Prison de Pavie (Italie) : Une lettre de Beppe sur sa lutte dans la taule

Sicilia Libertaria / jeudi 17 décembre 2020

Maison d’arrêt de Pavie, 3 décembre 2020

Très chers compagnons et compagnonnes,
Je vous écris pour vous informer du fait que le 2 décembre 2020 j’ai commencé une grève (l’énième, après différentes grèves de la faim durant l’année passée dans cette prison !), en refusant de sortir à la promenade et de me rendre dans la salle de sociabilité (les seules 4 heures de la journées où on peut sortir de sa cellule).

Par cette grève, je demande d’avoir accès aux soins nécessaires pour mes pathologies, qui ont été largement documentées, et cela depuis un an, par mon avocat Fabio Sommovigo.
Les signalements-plaintes faites par mon avocat n’ont pas suffi !
Aujourd’hui encore, on m’ignore complètement, ce qui signifie me condamner à mort, étant donné que les pathologies dont je souffre, si elles ne sont pas soignées, ne peuvent que s’aggraver.
A cela s’ajoute l’isolement dans ma cellule pour une période indéterminée, puisque je suis enfermé dans une section pour prisonniers « sous protection » et je ne peux pas partager ma cellule avec de tels détenus, car je suis en régime « haute sécurité », étant accusé en vertu de l’article 280 [attentat avec finalité de terrorisme ; NdAtt.] avec toutes les circonstances aggravantes.

Un isolement dans l’isolement, dans l’abandon complet.
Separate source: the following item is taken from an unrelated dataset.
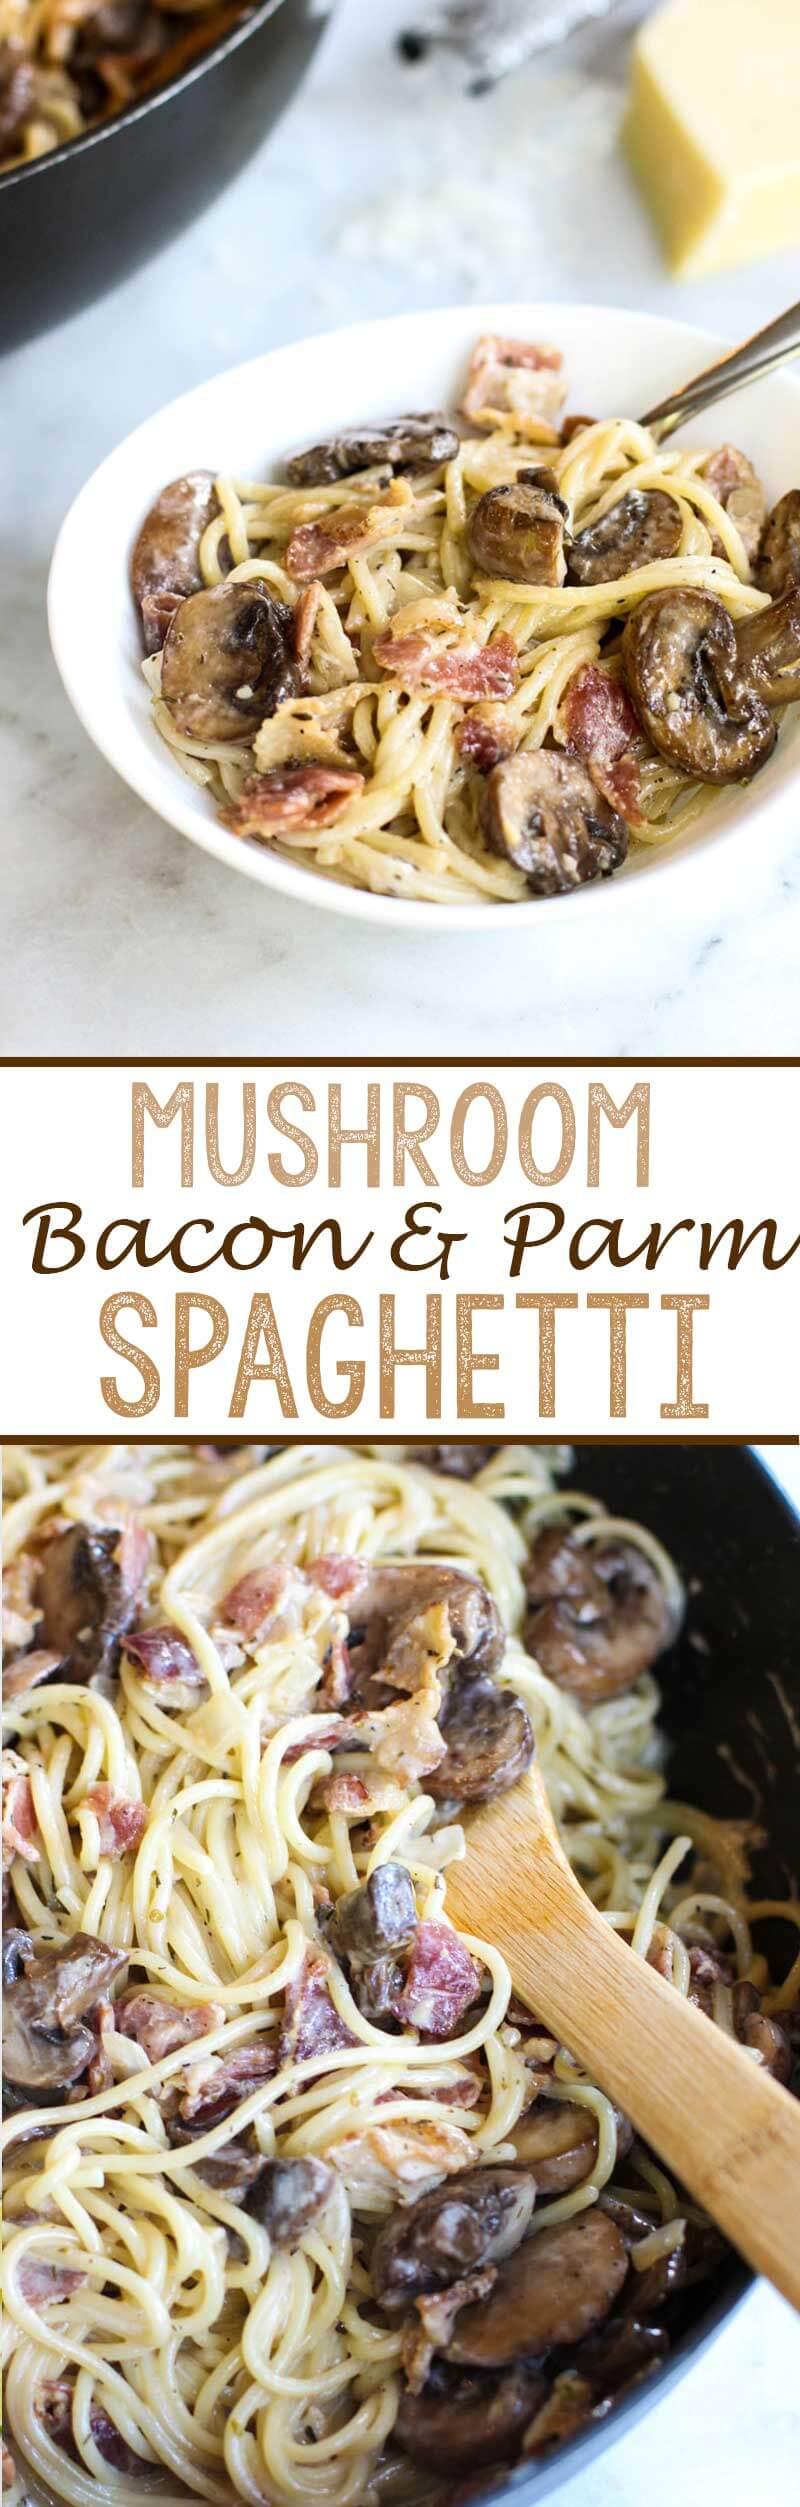 Mushroom bacon and parmesan spaghetti

La torture physique et psychologique est augmentée par l’ énorme difficulté que j’ai à me rapporter avec la grande majorité des détenus ici (violeurs, pédophiles, ex-flics dont Montella, le chef de la meute de la caserne de Piacenza [arrêté cette année parce qu’il gérait un réseau de trafic de drogue et d’extorsion, depuis la caserne des Carabinieri ; NdAtt.], des macs, des assassins de femmes…).
Depuis longtemps, je demande d’être transféré, mais cela, comme mes soins, m’est refusé !

Ma permanence forcée ici est un danger pour mon intégrité psycho-physique. Je n’exclus pas de commencer bientôt une grève de la faim, conscient des risques que cela comporte pour ma santé, déjà chancelante.
Je vous demande de relayer le plus possible cette lettre, en nom de chaque détenu que l’État laisse mourir dans ses geôles.

Le poing fermé.

Beppe Bruna

 

Note d’Attaque : Beppe a été arrêté le 21 mai 2019, lors de l’opération répressive Prometeo. Pour lui écrire (et pour écrire à Natascia, arrêtée lors de la même opération répressive) :

Giuseppe Bruna
C. C. di Pavia
Via Vigentina, 85
27100 – Pavia (Italie)

Natascia Savio (elle lit le français)
C. C. di Piacenza
Strada delle Novate, 65
29122 – Piacenza (Italie)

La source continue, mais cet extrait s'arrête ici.